[PROMPT] From the listing below, output only the lines starting at the line that has "9-15-15 Modern China" and ending at the line that has "shifukaizenkoku 210602 1 - 思風会 ZOOM全国大会", exactly as they appear, ends included.

[MATERIAL FOR THIS EXERCISE]
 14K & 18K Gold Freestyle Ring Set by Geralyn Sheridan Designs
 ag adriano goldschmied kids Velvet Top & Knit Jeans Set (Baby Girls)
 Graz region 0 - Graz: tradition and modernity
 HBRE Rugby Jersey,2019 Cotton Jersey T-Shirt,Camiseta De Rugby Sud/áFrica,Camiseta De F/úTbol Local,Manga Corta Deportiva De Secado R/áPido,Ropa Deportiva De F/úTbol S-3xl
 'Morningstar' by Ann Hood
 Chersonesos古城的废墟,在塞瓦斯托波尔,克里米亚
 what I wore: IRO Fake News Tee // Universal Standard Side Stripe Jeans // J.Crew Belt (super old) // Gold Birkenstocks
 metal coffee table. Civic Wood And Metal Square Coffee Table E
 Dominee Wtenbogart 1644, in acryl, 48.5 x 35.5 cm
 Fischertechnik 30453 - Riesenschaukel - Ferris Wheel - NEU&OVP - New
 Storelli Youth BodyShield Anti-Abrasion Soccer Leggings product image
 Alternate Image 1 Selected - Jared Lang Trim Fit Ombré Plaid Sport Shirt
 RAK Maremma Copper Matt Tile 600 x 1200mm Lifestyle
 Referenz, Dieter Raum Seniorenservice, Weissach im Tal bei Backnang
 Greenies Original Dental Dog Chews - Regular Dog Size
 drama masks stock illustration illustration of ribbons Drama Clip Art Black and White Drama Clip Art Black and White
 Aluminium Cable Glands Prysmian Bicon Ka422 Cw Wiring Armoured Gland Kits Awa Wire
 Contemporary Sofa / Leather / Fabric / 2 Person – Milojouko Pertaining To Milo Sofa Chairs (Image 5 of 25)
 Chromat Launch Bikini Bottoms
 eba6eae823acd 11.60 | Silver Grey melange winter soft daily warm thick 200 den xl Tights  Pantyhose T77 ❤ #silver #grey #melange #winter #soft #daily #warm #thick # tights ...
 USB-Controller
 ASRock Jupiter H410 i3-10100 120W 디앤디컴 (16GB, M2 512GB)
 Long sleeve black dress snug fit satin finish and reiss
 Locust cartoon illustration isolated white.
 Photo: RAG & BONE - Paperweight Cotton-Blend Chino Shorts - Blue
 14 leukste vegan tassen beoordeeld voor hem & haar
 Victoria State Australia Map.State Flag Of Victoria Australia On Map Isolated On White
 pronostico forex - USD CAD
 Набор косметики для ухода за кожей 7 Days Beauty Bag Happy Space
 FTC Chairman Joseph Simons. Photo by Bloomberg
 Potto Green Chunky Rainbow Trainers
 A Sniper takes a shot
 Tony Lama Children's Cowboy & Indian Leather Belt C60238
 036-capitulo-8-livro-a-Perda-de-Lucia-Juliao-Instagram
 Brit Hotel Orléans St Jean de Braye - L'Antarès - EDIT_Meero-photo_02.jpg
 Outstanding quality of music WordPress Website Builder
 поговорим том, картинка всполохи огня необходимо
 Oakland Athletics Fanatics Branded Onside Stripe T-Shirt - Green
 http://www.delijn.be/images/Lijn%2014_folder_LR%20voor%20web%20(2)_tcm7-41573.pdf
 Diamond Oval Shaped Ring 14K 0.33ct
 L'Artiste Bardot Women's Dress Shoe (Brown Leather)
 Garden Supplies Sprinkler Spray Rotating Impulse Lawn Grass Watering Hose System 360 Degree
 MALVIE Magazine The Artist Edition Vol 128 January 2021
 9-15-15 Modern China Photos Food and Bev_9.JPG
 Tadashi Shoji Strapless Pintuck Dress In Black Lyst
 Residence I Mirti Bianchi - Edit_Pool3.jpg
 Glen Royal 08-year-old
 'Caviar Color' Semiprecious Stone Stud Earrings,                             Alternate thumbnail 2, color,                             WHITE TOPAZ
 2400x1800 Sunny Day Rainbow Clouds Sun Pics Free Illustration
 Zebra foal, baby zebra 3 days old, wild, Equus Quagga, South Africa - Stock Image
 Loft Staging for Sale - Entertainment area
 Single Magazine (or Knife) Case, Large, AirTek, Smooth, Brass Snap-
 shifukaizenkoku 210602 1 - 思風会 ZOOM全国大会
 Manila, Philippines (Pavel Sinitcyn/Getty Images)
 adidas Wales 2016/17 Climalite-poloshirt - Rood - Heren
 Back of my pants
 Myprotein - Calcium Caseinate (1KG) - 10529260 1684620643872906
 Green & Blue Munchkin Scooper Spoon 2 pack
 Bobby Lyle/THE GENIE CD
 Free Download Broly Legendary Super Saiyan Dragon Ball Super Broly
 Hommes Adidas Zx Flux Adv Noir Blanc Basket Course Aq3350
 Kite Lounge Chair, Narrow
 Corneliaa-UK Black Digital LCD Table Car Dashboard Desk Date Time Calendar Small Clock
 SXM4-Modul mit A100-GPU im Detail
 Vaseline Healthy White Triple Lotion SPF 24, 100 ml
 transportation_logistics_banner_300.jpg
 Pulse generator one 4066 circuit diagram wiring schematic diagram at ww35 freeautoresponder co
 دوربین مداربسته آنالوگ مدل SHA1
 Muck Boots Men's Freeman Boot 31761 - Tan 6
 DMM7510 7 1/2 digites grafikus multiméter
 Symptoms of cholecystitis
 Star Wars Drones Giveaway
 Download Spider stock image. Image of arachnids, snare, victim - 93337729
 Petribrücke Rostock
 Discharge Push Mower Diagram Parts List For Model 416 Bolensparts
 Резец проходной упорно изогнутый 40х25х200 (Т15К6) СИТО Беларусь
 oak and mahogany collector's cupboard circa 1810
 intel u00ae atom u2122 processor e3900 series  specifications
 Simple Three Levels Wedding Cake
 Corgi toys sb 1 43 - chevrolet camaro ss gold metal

[REPLY]
 9-15-15 Modern China Photos Food and Bev_9.JPG
 Tadashi Shoji Strapless Pintuck Dress In Black Lyst
 Residence I Mirti Bianchi - Edit_Pool3.jpg
 Glen Royal 08-year-old
 'Caviar Color' Semiprecious Stone Stud Earrings,                             Alternate thumbnail 2, color,                             WHITE TOPAZ
 2400x1800 Sunny Day Rainbow Clouds Sun Pics Free Illustration
 Zebra foal, baby zebra 3 days old, wild, Equus Quagga, South Africa - Stock Image
 Loft Staging for Sale - Entertainment area
 Single Magazine (or Knife) Case, Large, AirTek, Smooth, Brass Snap-
 shifukaizenkoku 210602 1 - 思風会 ZOOM全国大会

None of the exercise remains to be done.